Celle formulée auprès du Secrétaire d’Etat lundi 16 mars après sa volte-face suite au CSFPE du 3 mars et renouvelée par courrier auprès du Premier ministre concernant le jour de carence n’a aujourd’hui aucune réponse. Il en est de même de la demande d’arrêt des suppressions d’emplois et des restructurations.

Le projet de loi d’urgence sanitaire diffusé ce jour et qui va être présenté à l’Assemblée nationale ne prévoit pas son abrogation alors même que, faut-il le rappeler, les personnels de santé dans leur ensemble sont au contact du virus dans le cadre de leur travail, pour soigner la population, au péril de leur propre santé, de même que les personnels qui accueillent les enfants des personnels soignant-es ou encore l’ensemble des agent-es qui continuent à être au contact du public sans même qu’on leur fournisse, le plus souvent, les protections nécessaires . Et il faudrait encore qu’ils et elles subissent des précomptes sur leurs traitements lorsqu’ils et elles sont malades. Ce jour de carence, déjà injuste en temps normal pour l’ensemble des salarié-es, l’est encore plus dans la période que nous connaissons.

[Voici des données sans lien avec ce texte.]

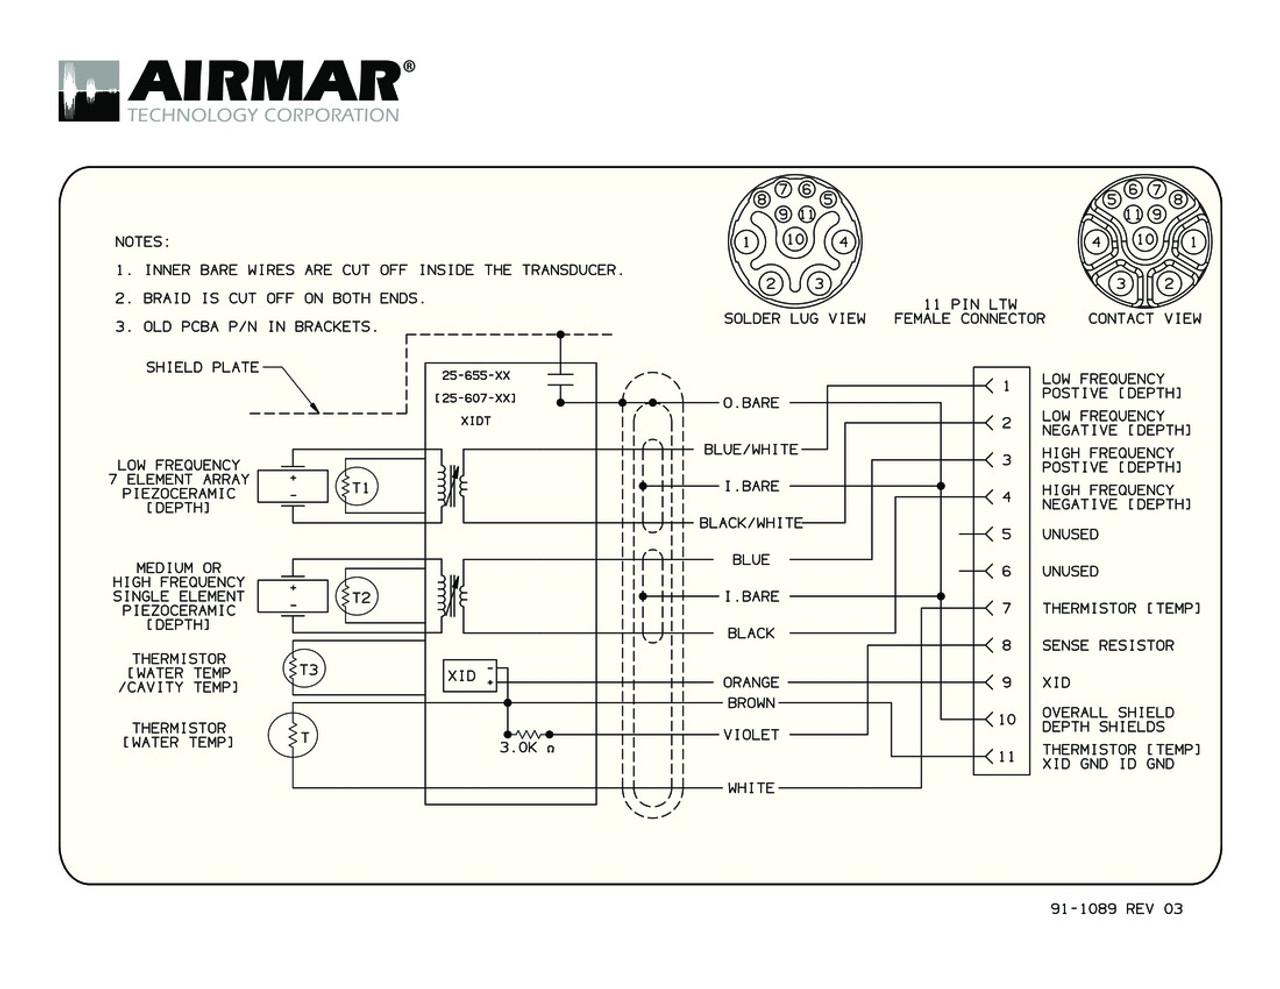 hubbell airmar wiring diagram tm265 blue bottle marine on pioneer wiring diagrams garmin wiring diagrams airmar wiring diagram raymarine  [ 1100 x 850 Pixel ]

Le gouvernement (Etat employeur) s’avère incapable de protéger la sécurité et la santé de ses personnels et de leur donner les moyens indispensables pour fonctionner. Alors que l’épidémie court depuis plusieurs semaines, la plupart des services (dans toute la fonction publique) ne disposent encore pas de masques ou de gel hydroalcoolique, ni du nettoyage normal des locaux de travail…

Par ailleurs, des milliers de lits ont été fermés dans les hôpitaux et des milliers de postes supprimés sans qu’il soit à ce stade question de les recréer.

En revanche, le gouvernement, dans ce projet de loi, sous couvert de gestion, de l’épidémie s’engage une nouvelle fois dans un recul des droits des agent-es. Il est ainsi prévu que le gouvernement puisse modifier par ordonnances … « les conditions d’acquisition de congés payés et permettre à tout employeur d’imposer ou de modifier unilatéralement les dates de prise d’une partie des congés payés, des jours de réduction du temps de travail et des jours de repos affectés sur le compte épargne-temps du salarié, en dérogeant aux délais de prévenance et aux modalités d’utilisation définis par le livre 1er de la troisième partie du Code du travail, les conventions et accords collectifs ainsi que par le statut général de la fonction publique. »

Il s’agit une nouvelle fois d’une attaque inadmissible et ne répondant à aucune nécessité impérieuse liée à la gestion de la crise contre le statut et les agent-es de la fonction publique.

Les organisations syndicales CGT, FAFP, FO, FSU et SOLIDAIRES dénoncent le décalage entre les discours et la réalité et exigent des mesures concrètes pour les agent-es et la population de notre pays.

Elles renvoient le Président de la République et le Premier Ministre à leurs propres engagements à savoir que tout serait mis en œuvre « quel qu’en soit le coût ».

Oublier 5,5 millions d’agents publics et leurs familles est inacceptable et serait irresponsable si rien n’était fait.